As your typical Canadian mixed breed, I descended from various expats from the British Isles (as well as a proud Mohawk – but that’s another story). I’ve watched Coronation Street for most of my life.  I majored in English literature and over the years I’ve seen every Merchant Ivory, BBC, PBS, Masterpiece Theatre, Upstairs Downstairs, Jane Austen, Bronte Sister, Agatha Christie, Charles Dickens and Thomas Hardy dramatization ever created.  That’s enough to make one slightly obsessed with England.   So when it came time for me to find a comprehensive furniture restoration and upholstery course and there was none in Canada but several in England, I figured enough was enough and I had better see Mecca before I die (and while the Canadian dollar was at an all time high).

The first weekend in Kendal was spent with Ivan, but he’s returned to Toronto to look after our three fur kids and resume his job.  As a result, I felt quite lonely during the first week of school.  My weekdays start in Kendal’s McDonald’s restaurant because it’s open before 8 am and they have the precious drug I so desperately crave: free WI-FI.  I buy a McDonald’s cafe latte (they’re quite good with chocolate sprinkles) and log on to my net book to connect with all those back home from 8 to just before 9 am.
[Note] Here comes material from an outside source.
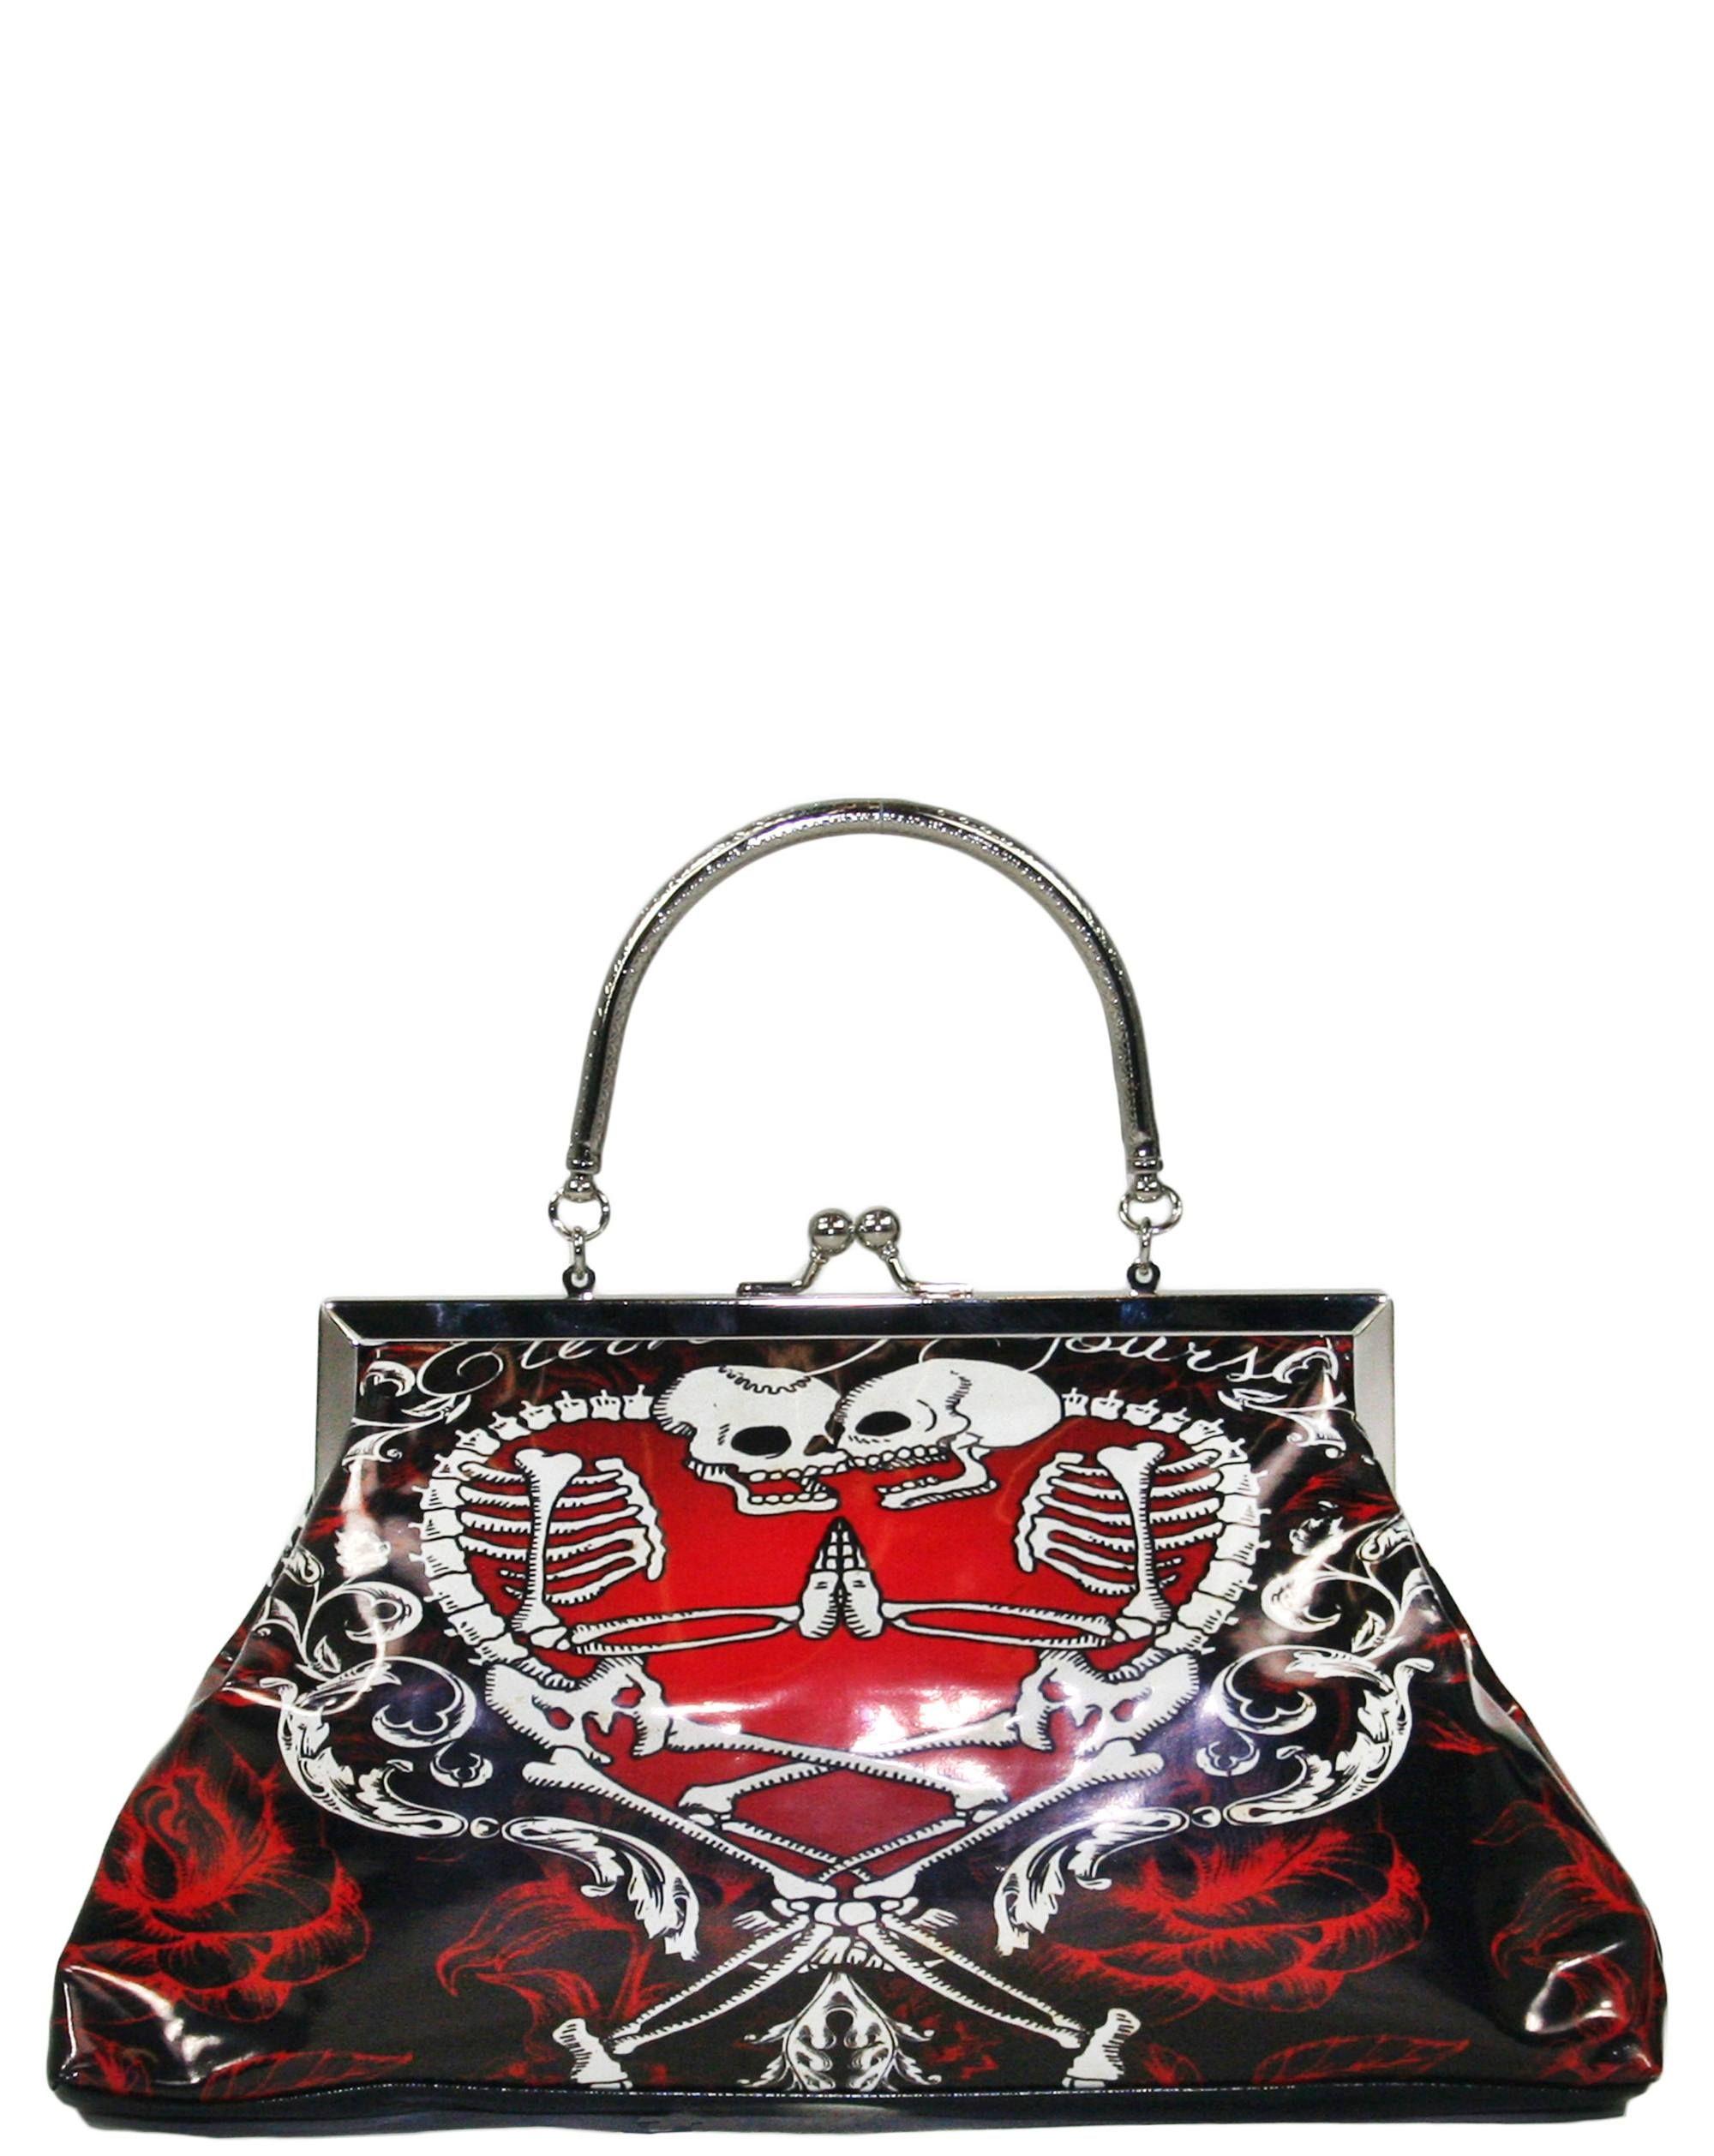 Banshee bag eternal bags best purses fun bags

Then it’s a short walk to school for a full day of hands on study from 9 am till 5 pm.  During the school day we invariably begin with tea in the morning, have tea once again mid-morning, tea with lunch, and finally mid-afternoon tea. Then it’s time to head home. (Actually, quite a bit is accomplished during the school day but I’ll write more about that in another blog).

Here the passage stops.